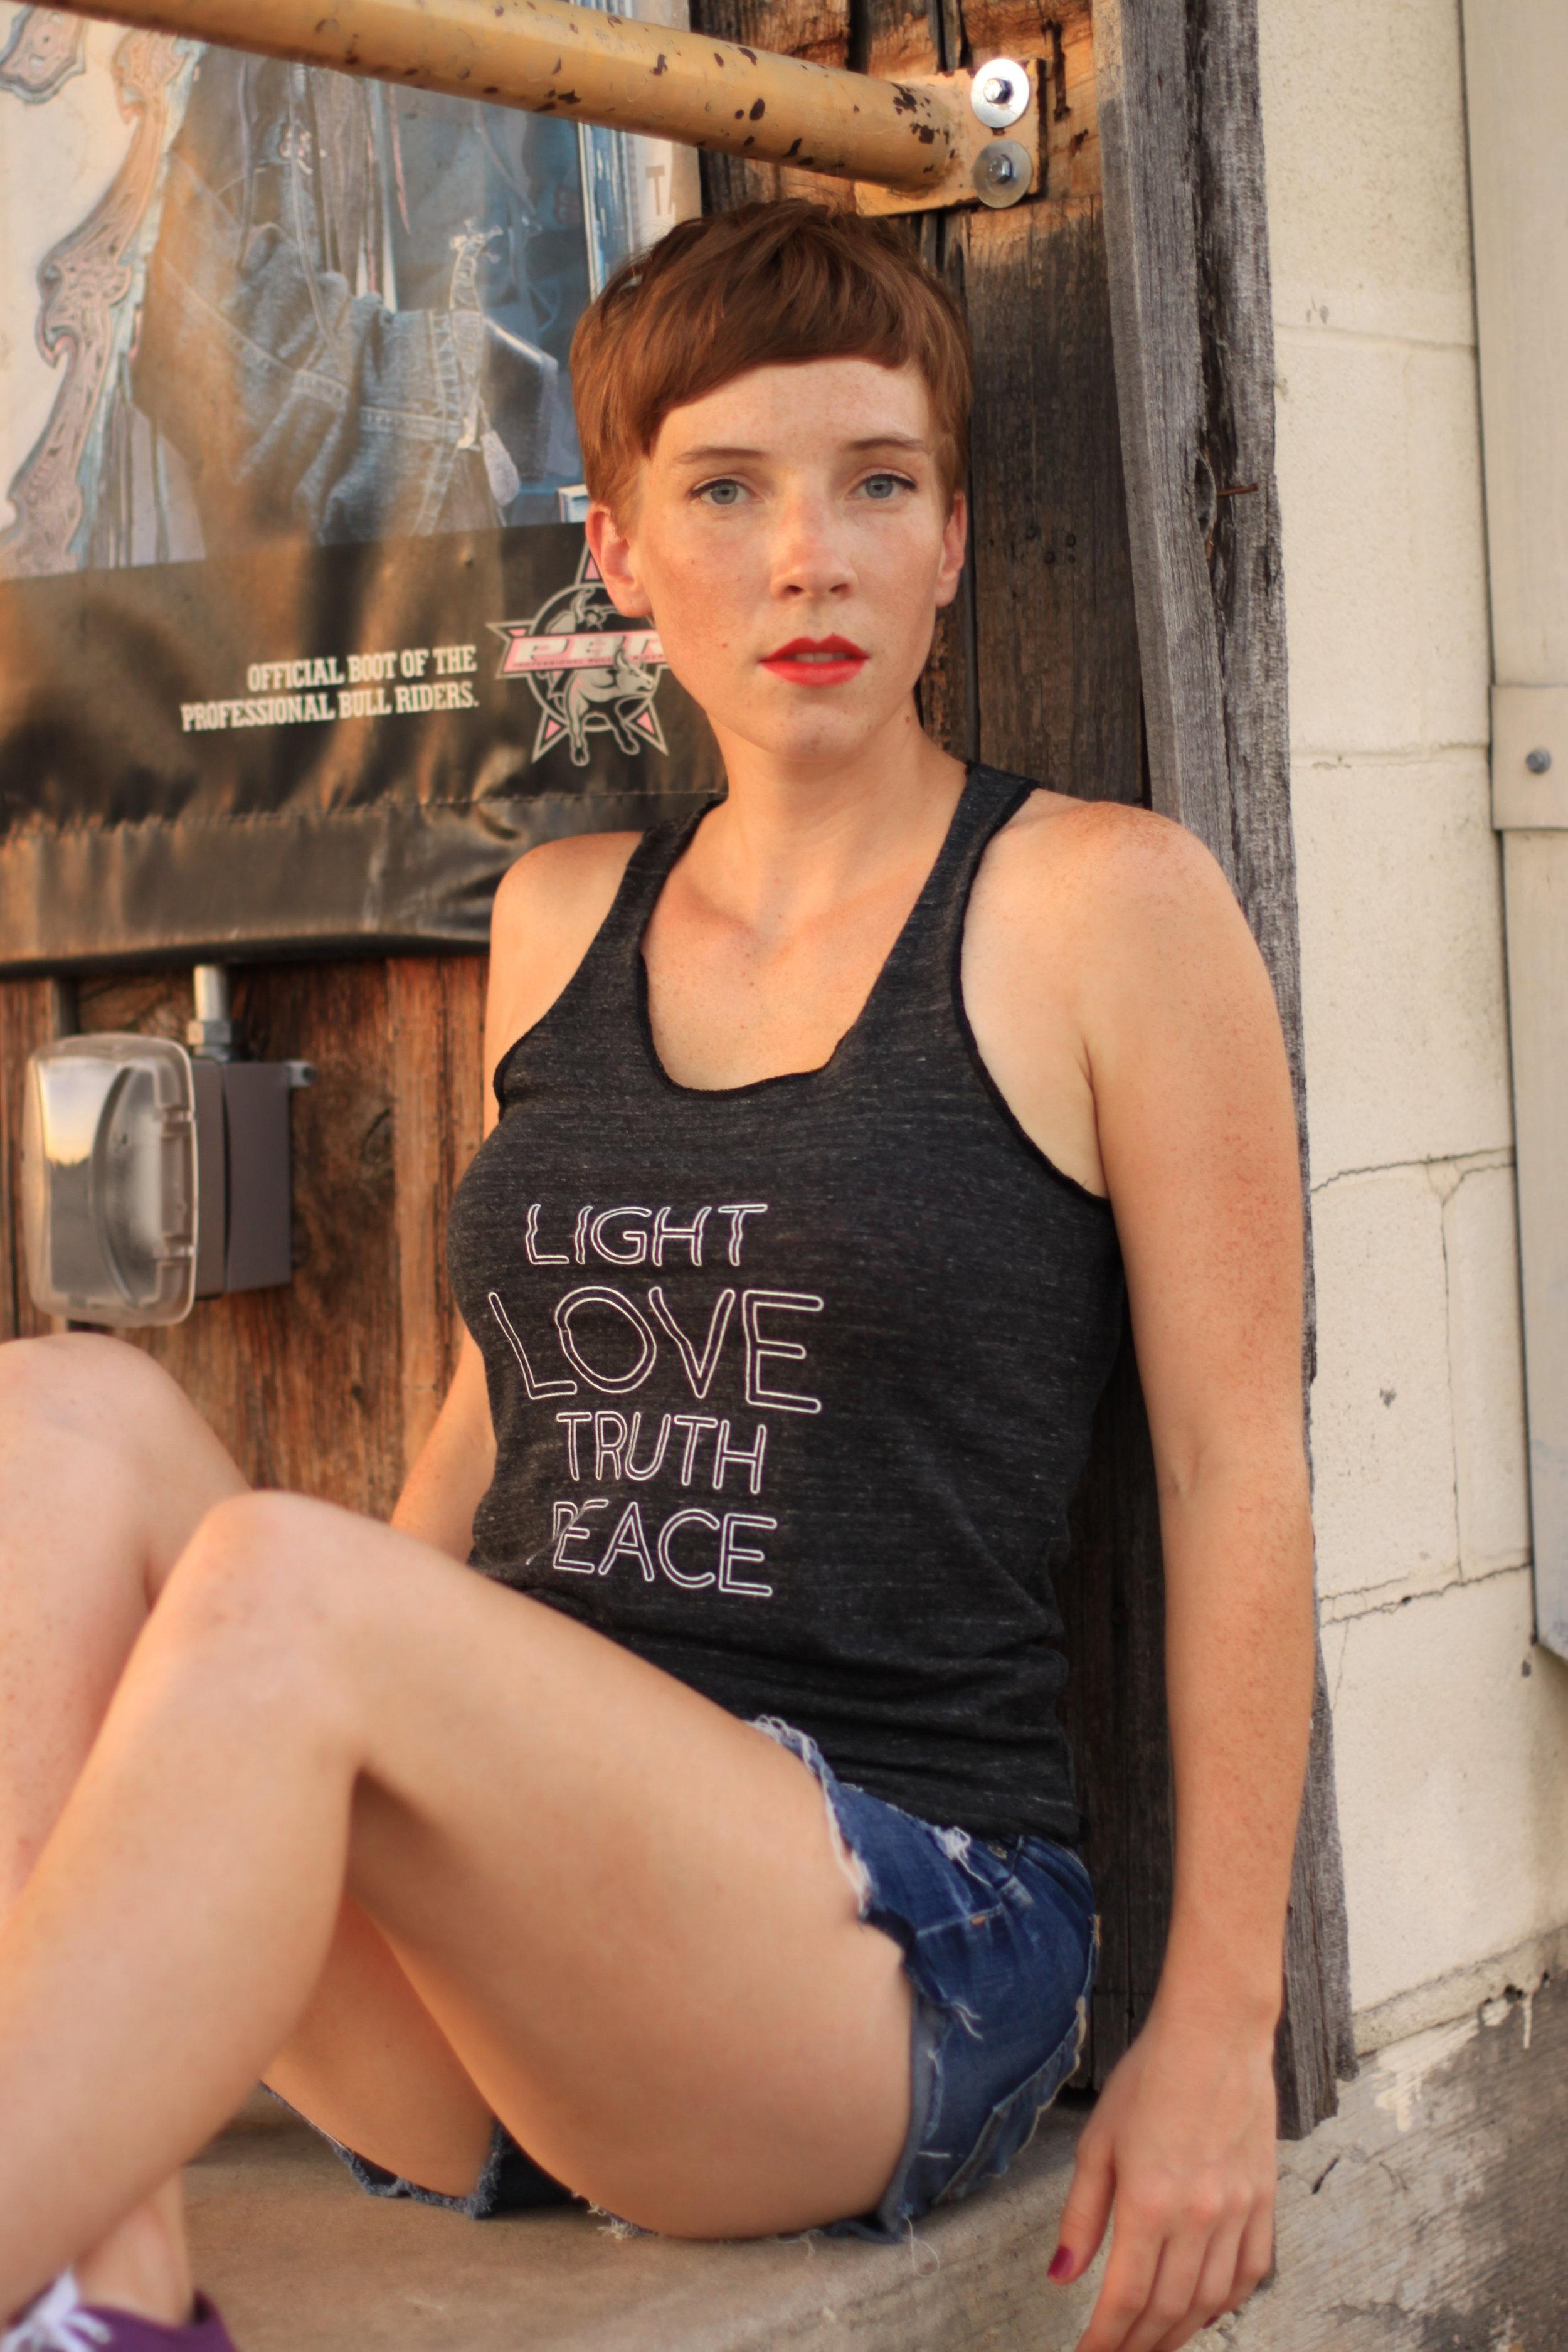 Light Love Truth Peace, East of the Sun
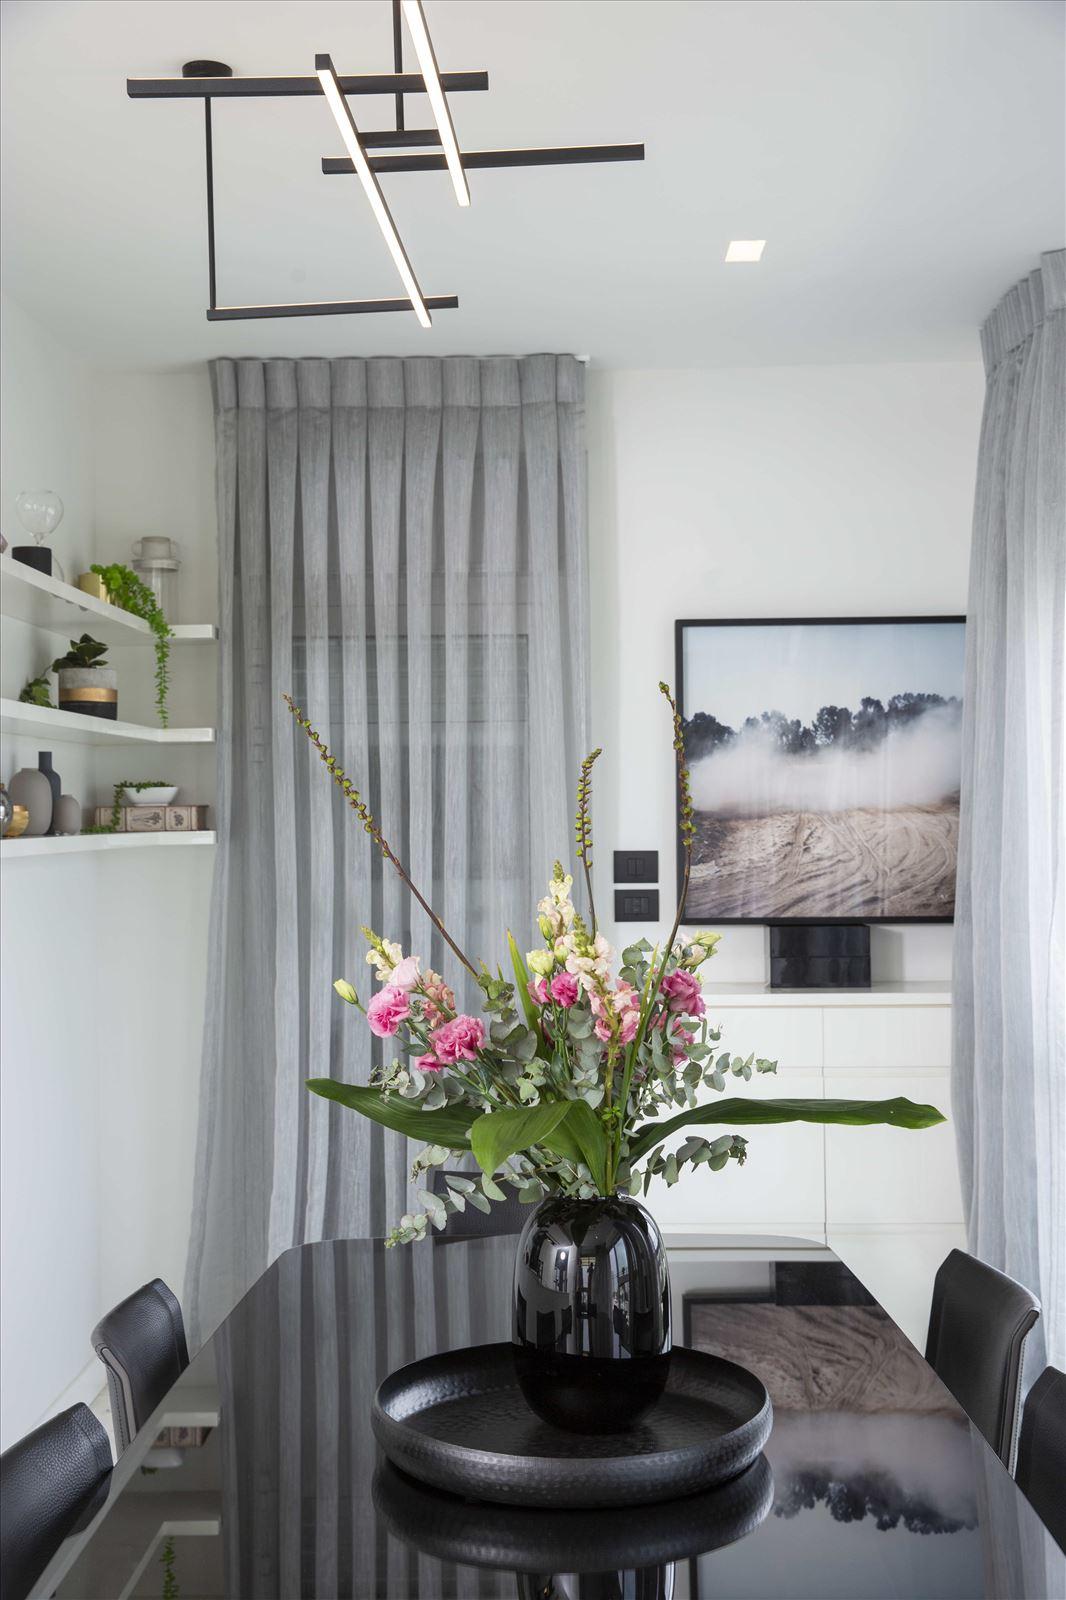 Tel Aviv apartment in Parisian aroma גופי תאורה מבית דורי קמחי
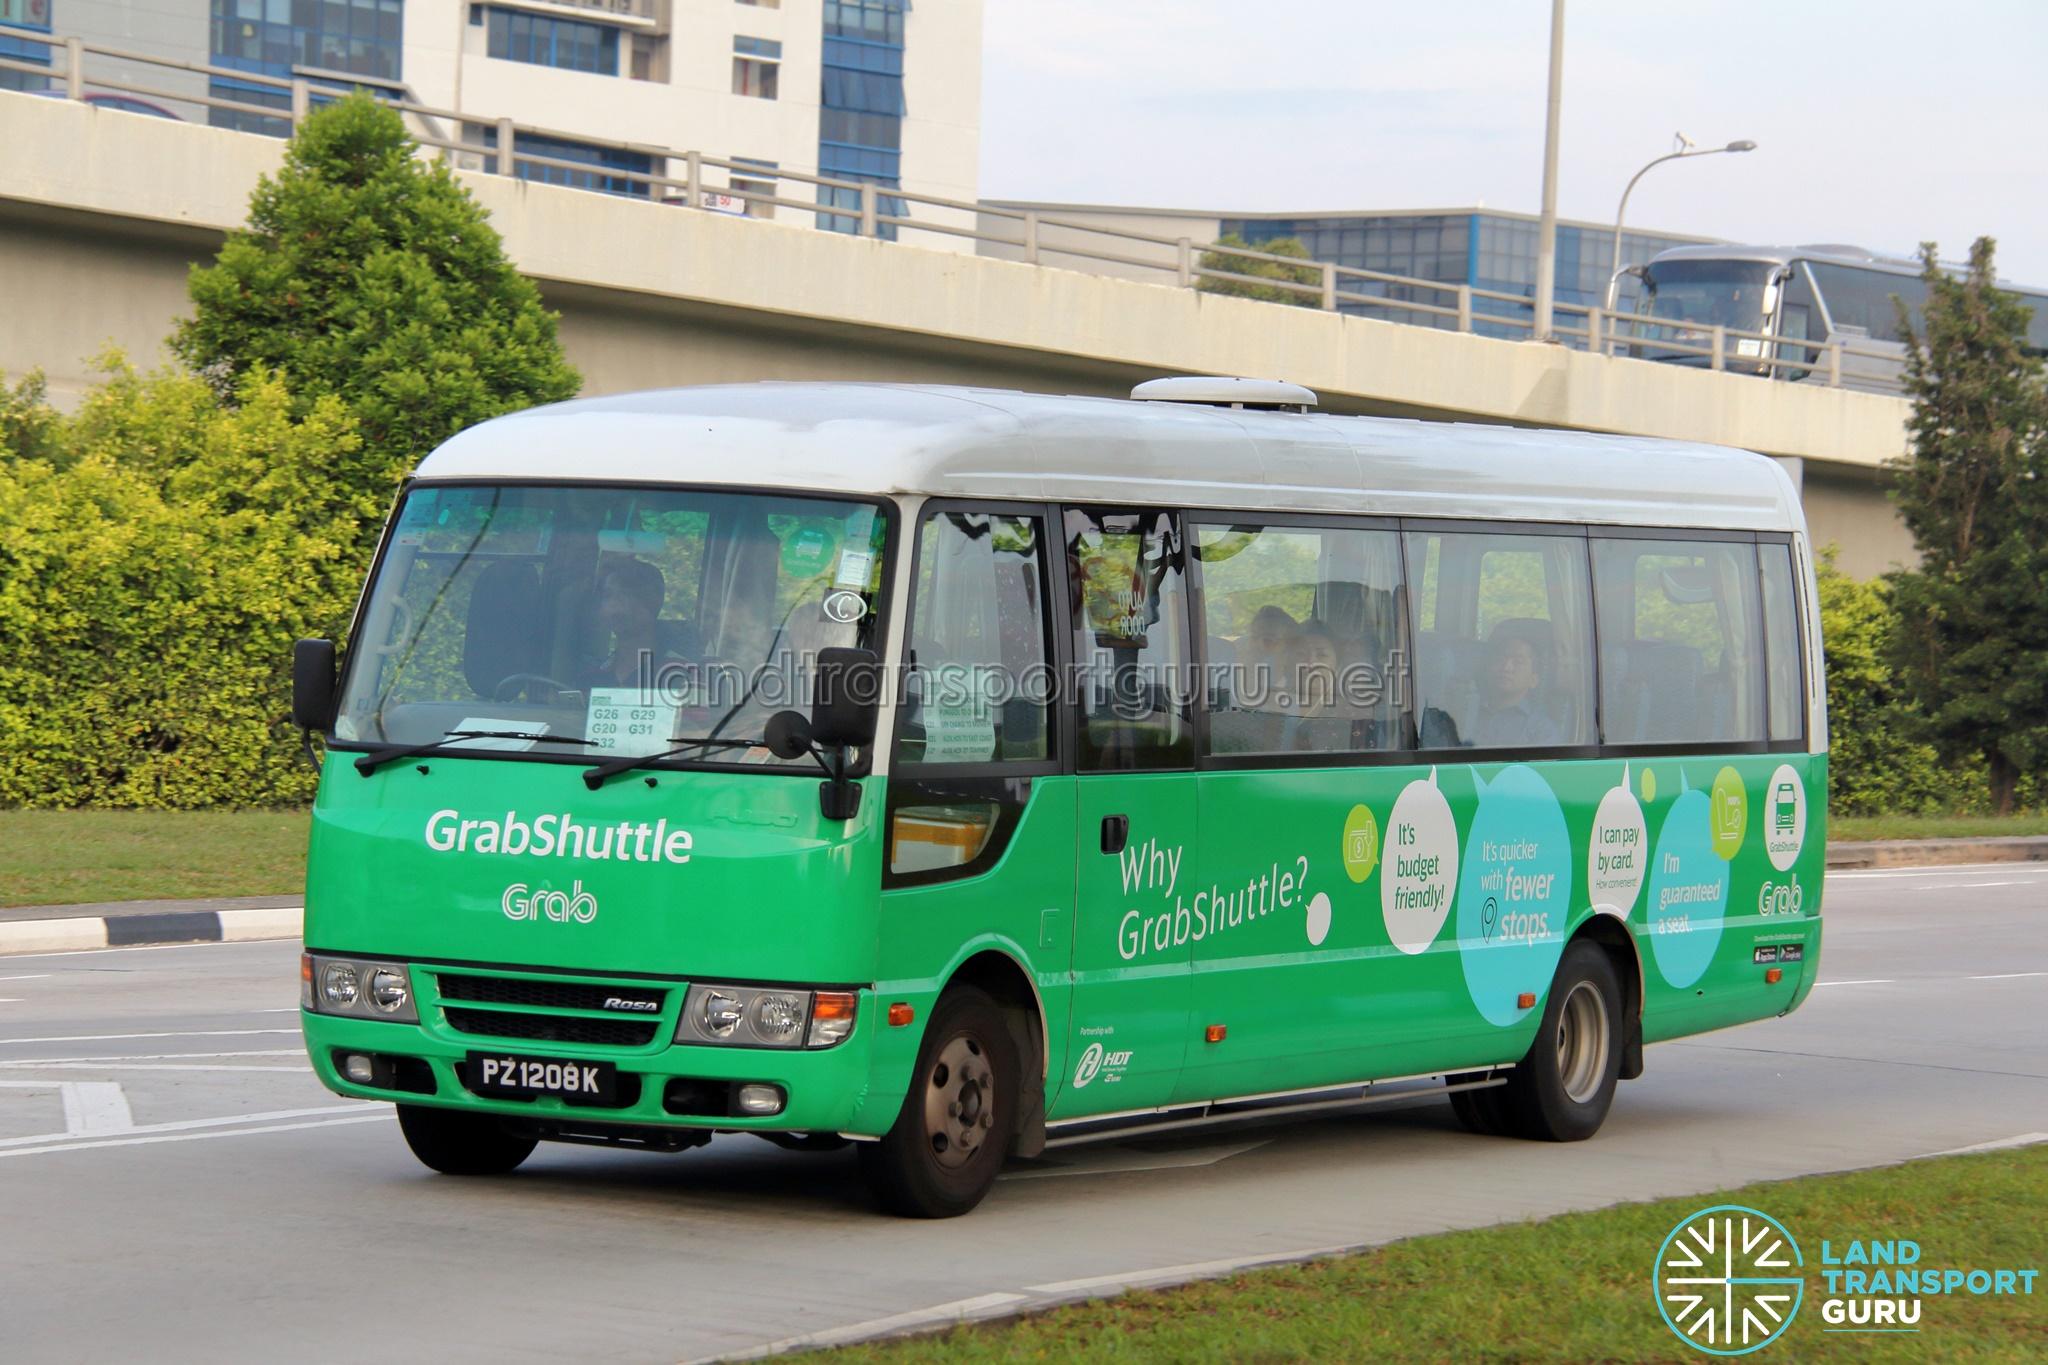 GrabShuttle Bus Routes | Land Transport Guru

_Task goal:_ Set down all the data again exactly as above, pictures excluded.

_Worked solution:_
 Light Love Truth Peace, East of the Sun
 Tel Aviv apartment in Parisian aroma גופי תאורה מבית דורי קמחי
 GrabShuttle Bus Routes | Land Transport Guru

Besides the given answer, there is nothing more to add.